Memorial for a Lost Poem

            I had this small yellow notebook, one of the ones where the cover flips back on a thin metal spiral, one of a few an ex-lover gave me—she, one of a few who loved my words. It fit perfectly in my back pocket and I’d carry it with me to jot down thoughts, ideas, jokes—poetry when I had the time.

            Ah—there’s nothing worse than a lost thought! Yes, there is—a lost poem! No—a lost notebook full of thoughts and poems! Eh—really a lost love, but who’s keeping track?

            One drunken night of boneheaded shenanigans in New Orleans—barhopping; mixing rum, tequila, whiskey, beer, mushrooms; conversing with women; breathing in the blasting brass of the horns of young street performers; talking shit to ‘street poets’; hustling a curb; riding some kid’s skateboard in the middle of a busy intersection; breaking into an above-ground cemetery and an in-ground pool; some fine lad in a suit chaffeuring us around, chaperoning the whole thing—I blacked out and woke up on a couch to find my back pocket ripped out and the little yellow notebook with the thin spiral-bound cover lost somewhere along the way.

            I once found my trusty ol’ flip phone, bewilderingly, after I blacked out in the streets of New York City—but there, then, I knew I stood no chance.

            I wracked my brain as to what was in the notebook, but that’s exactly why I had it in the first place: so I wouldn’t have to remember the stuff I put in it! It held seven or eight poems, as well as a bunch of fragments and tips. Out of the poems, maybe two were wastedly-crafted and worthless, four or five I managed to recreate! And one which I was semi-fond of was unrepeatable—gone, lost forever.

            Now, guys and gals, this bothered me much, much more than it should have. Much more than most things. More than I care to admit. But what can I say? This is my life and it means a lot to me.

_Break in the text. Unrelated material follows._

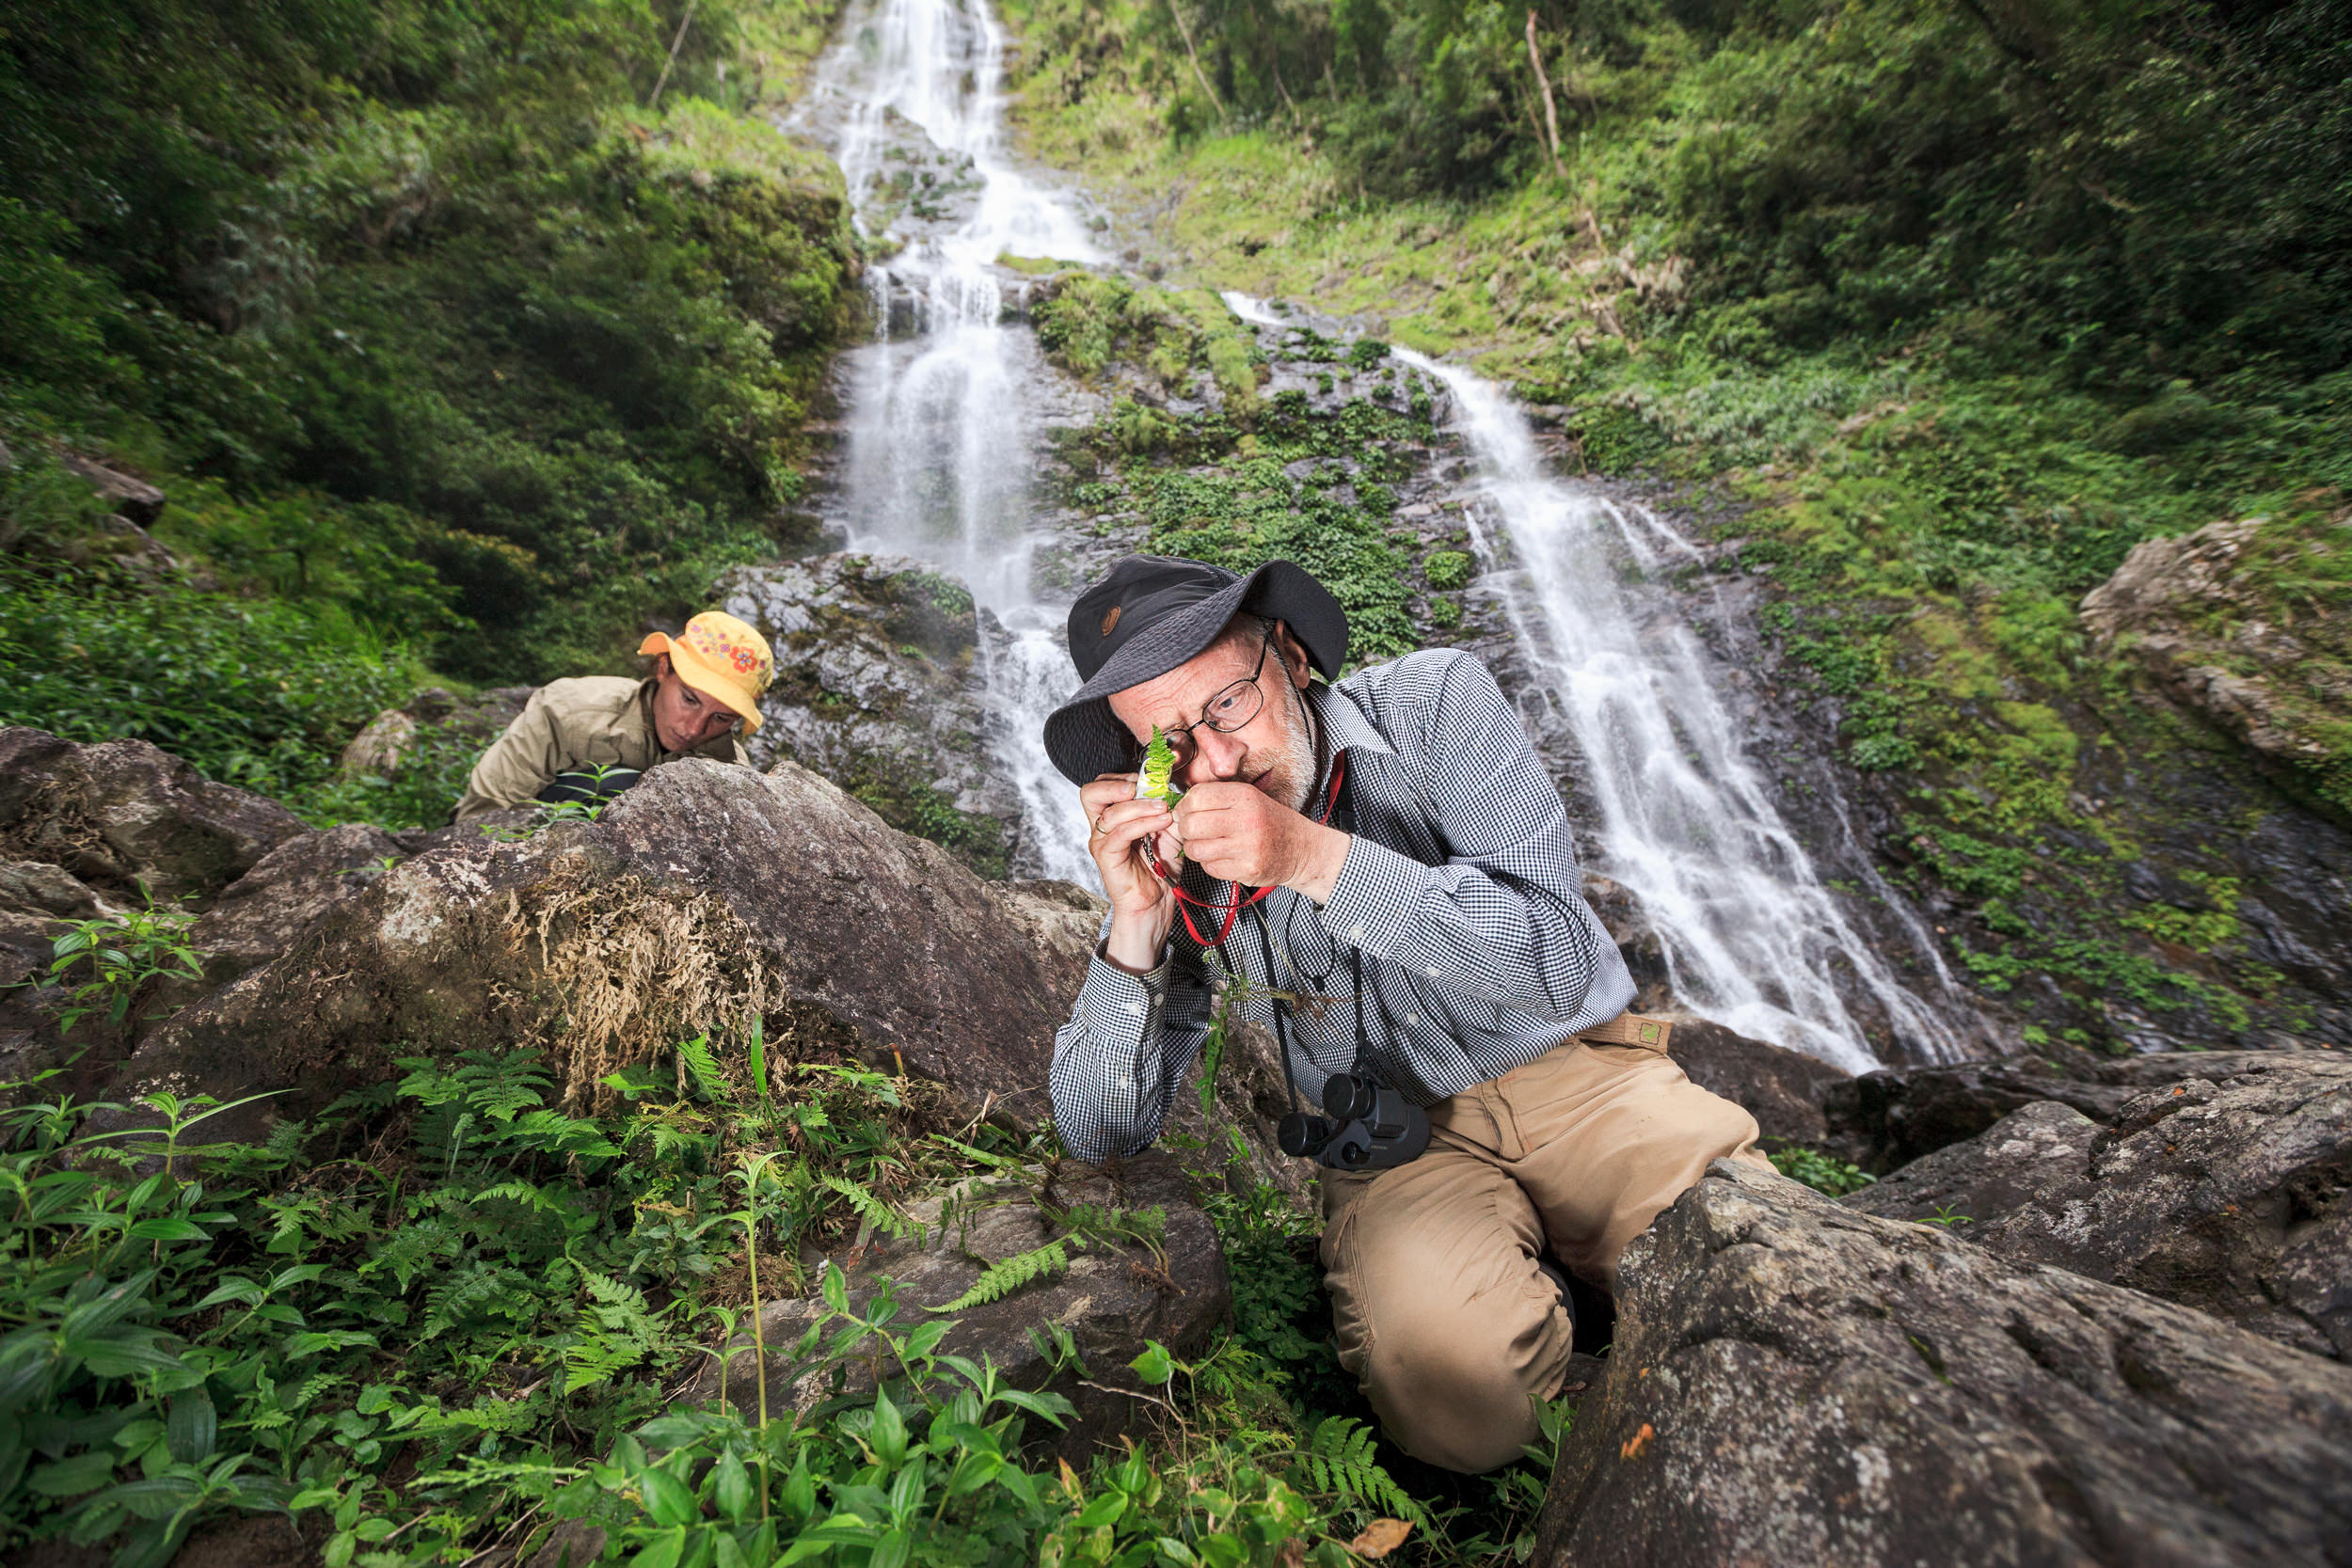 Botanist Peter Hovenkamp studies a fern at the base of the Langanan waterfall on Mount Kinabalu, Borneo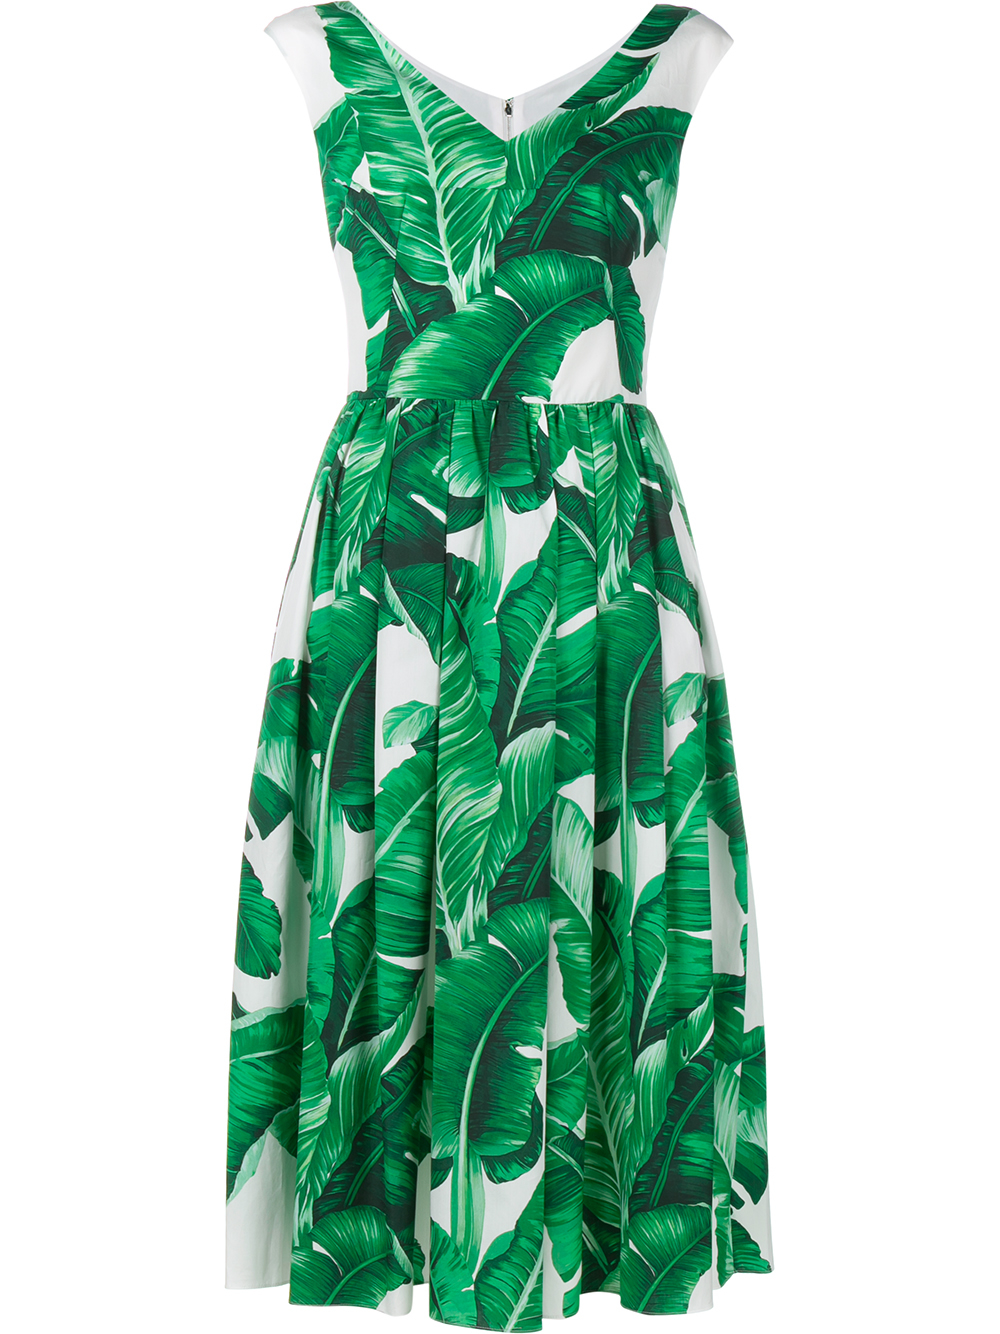 Dolce amp Gabbana Sleeveless Banana Leaf Print Cotton Dress

            The poem was lengthy, the longest of the bunch (which is why it was the hardest to recapture), but it was more or less an anecdote of closing down the bar I worked at with a kid named Justin from Panama, a girl named Maranda from Texas, and a guy named Adam from good ol’ Buffalo.

            It described how I was driving my absolute pile of shit vehicle (I’m sorry, condolences due, RIP Black Betty) through a thunderstorm, drunk, and how the windshield wipers went on strike (the one million ’n first thing to quit on ’er), splayed out like dead spider legs or the legs of some inviting call girl, and how I was forced to pull over to call the girl waiting in my bed and figure the whole thing out.

            It was at that time the wipers started working again and the rain subsided, so I pulled out the later-lost notebook to throw down the words I’d later lose in Louisiana. The whole thing was a metaphor for how ridiculously laughable my life had become at the time: shitty car, shitty girl, shitty job, drunk driving, blindly, through a heavy downpour—but at the end things were looking up, because at least I had a shitty car, a shitty girl, a shitty job, the storm had died down, and the wipers had come back to life.

            So, this, this, guys and gals, this is the closest I’ll ever get to reciting that poem. This, this one is for me. This one is for you, too. But this one is mostly for me: to remind myself to let it go, to forget… and to get pants with stronger pockets.